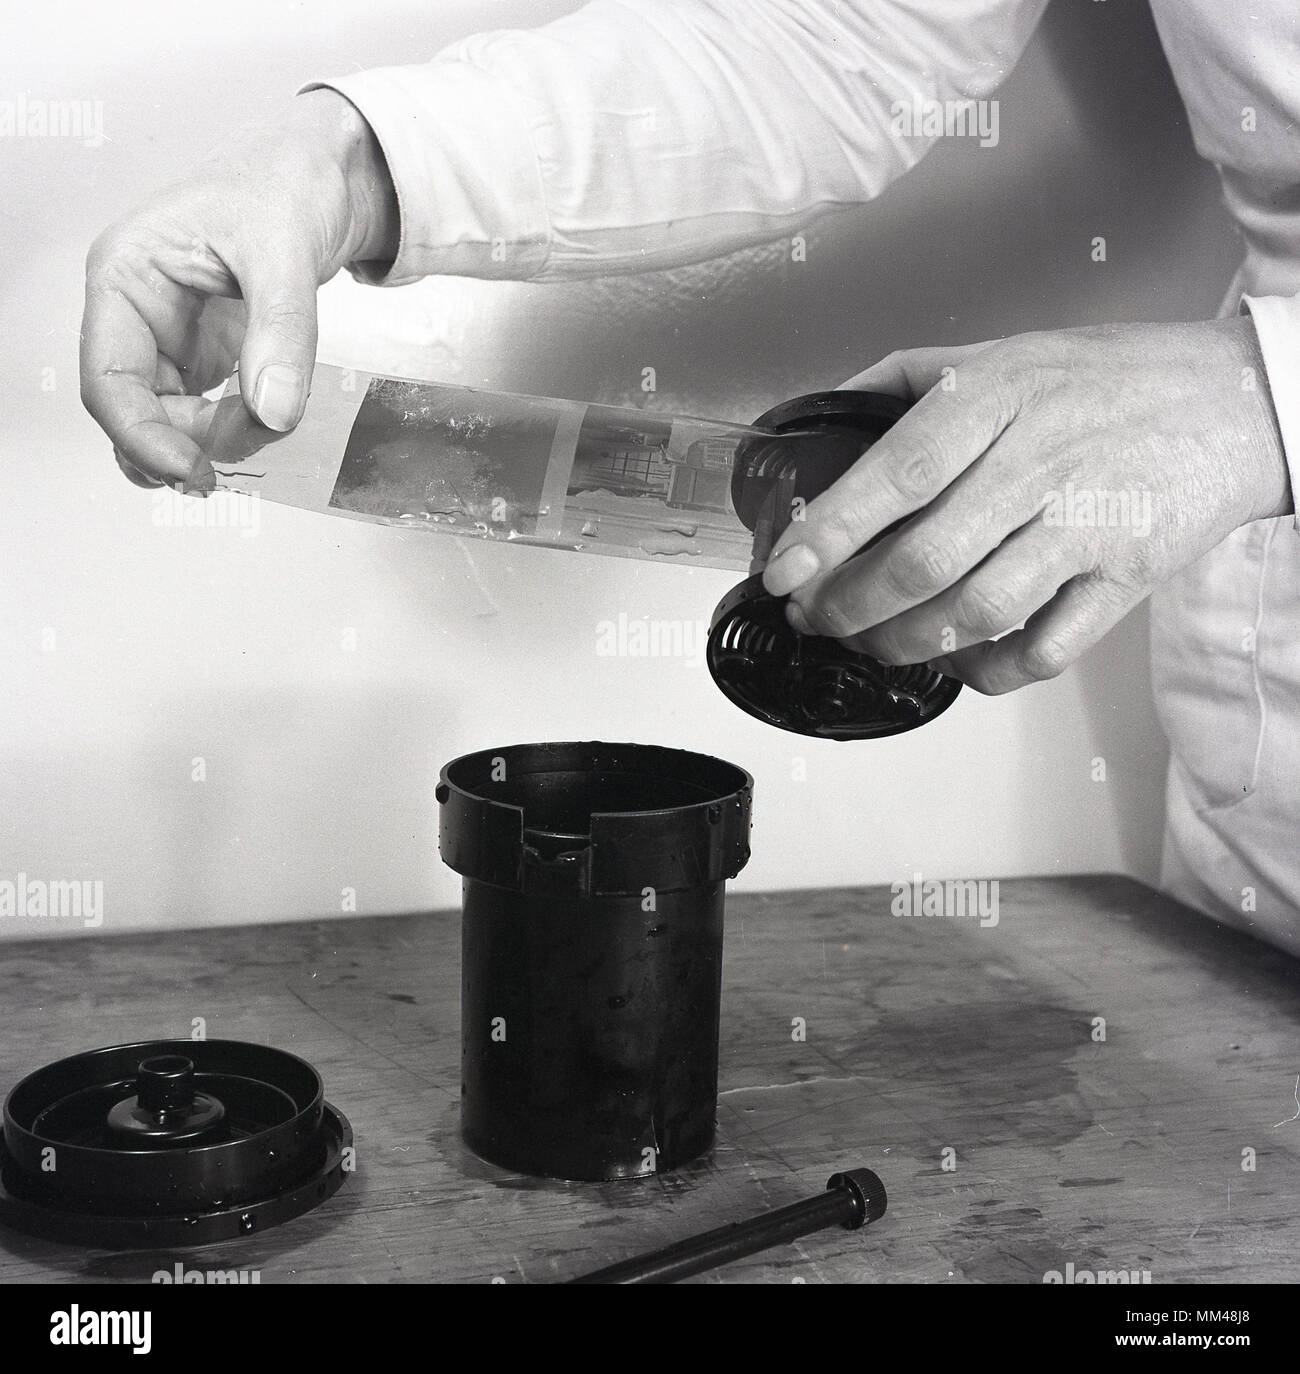 1950, foto histórica mostrando una tira de negativos de película tras haber sido sacado de la solución química utilizada para desarrollar la película fotográfica en blanco y negro. Foto de stock
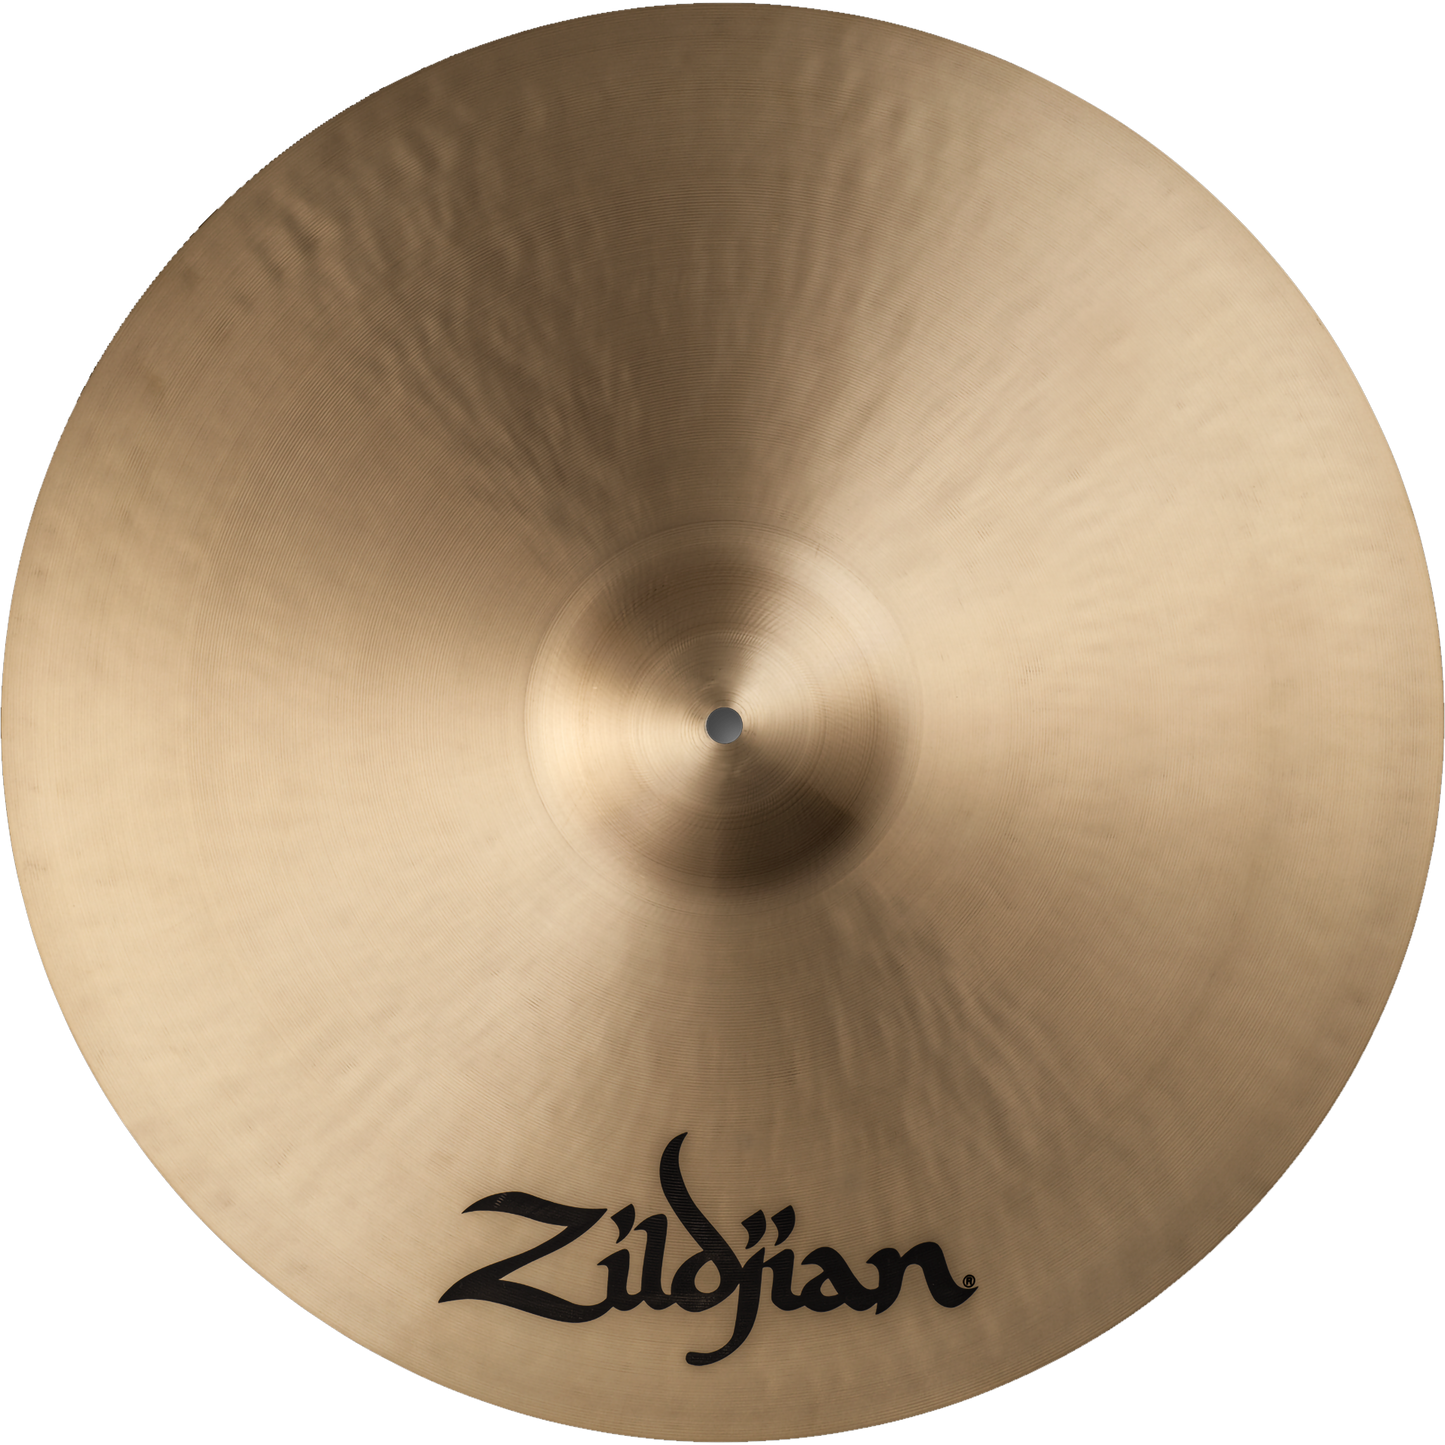 Zildjian 20” K Series Ride Cymbal
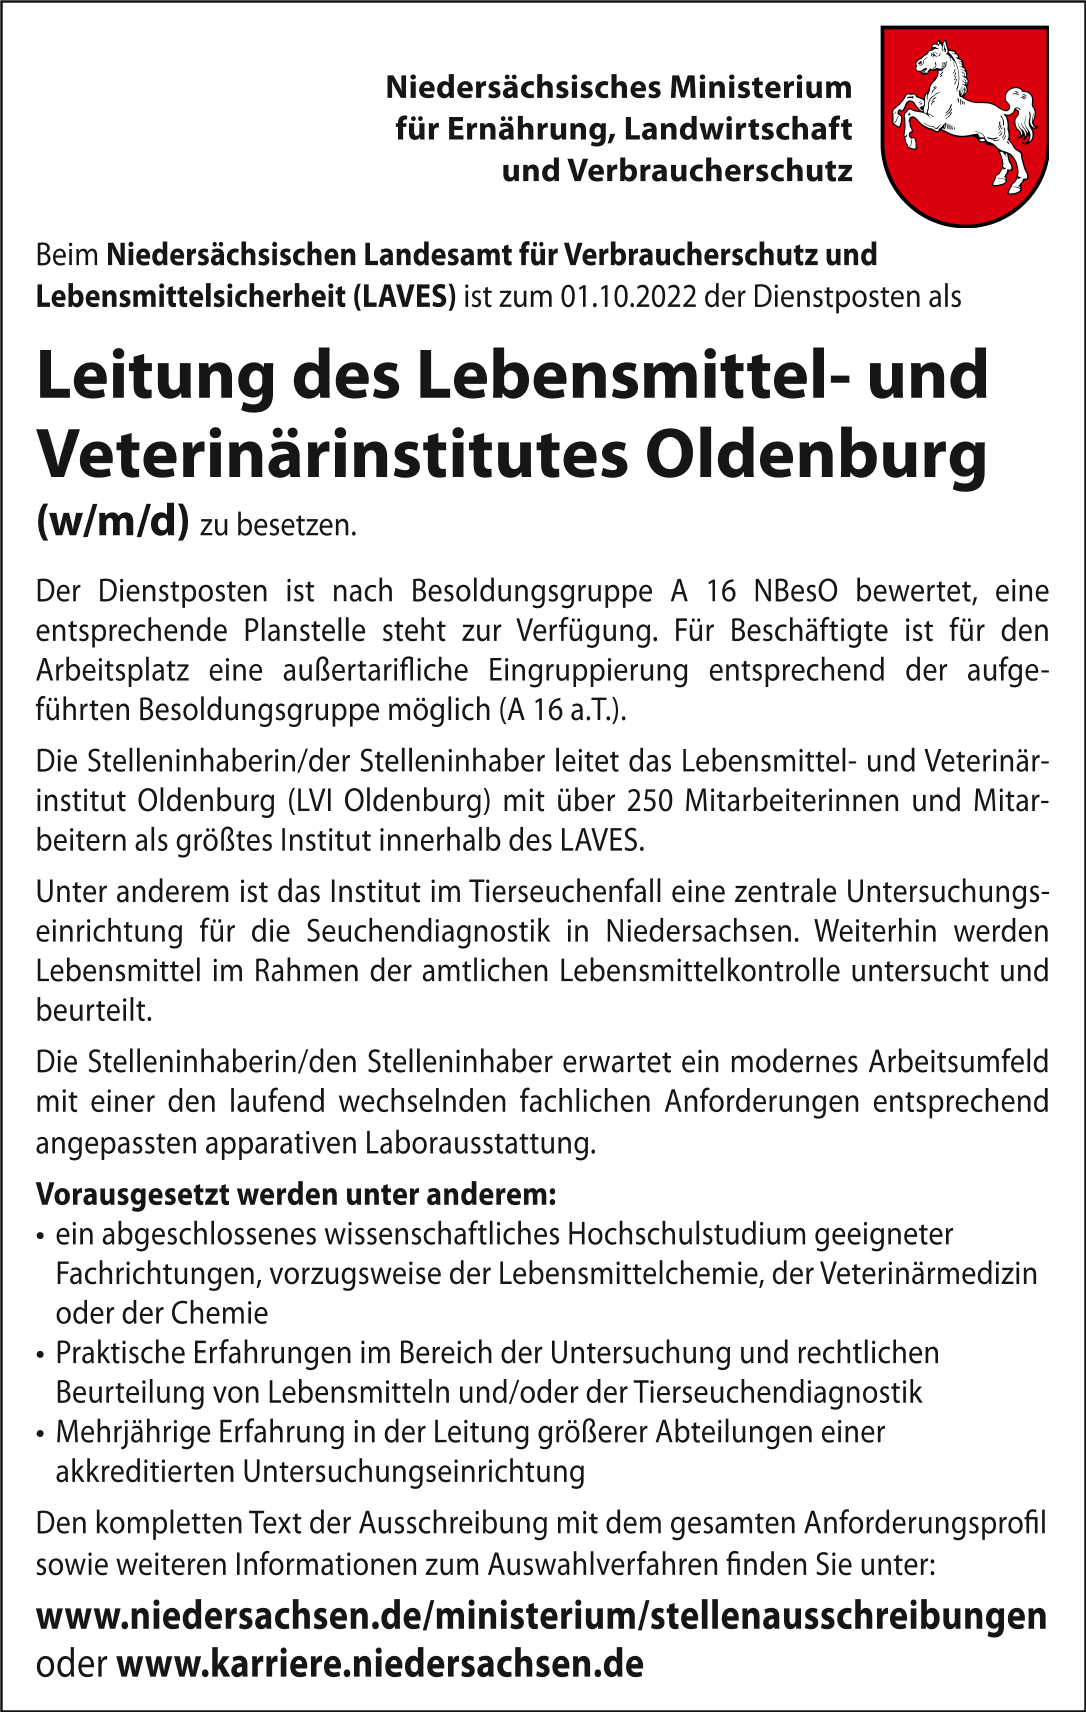 Leitung des Lebensmittel- und Veterinärinstitutes Oldenburg (m/w/d)

Your objective: Every line of the data above is to be repeated exactly; the images are to be left out.

Answer section:
 1950, foto histórica mostrando una tira de negativos de película tras haber sido sacado de la solución química utilizada para desarrollar la película fotográfica en blanco y negro. Foto de stock
 Zildjian 20” K Series Ride Cymbal
 Leitung des Lebensmittel- und Veterinärinstitutes Oldenburg (m/w/d)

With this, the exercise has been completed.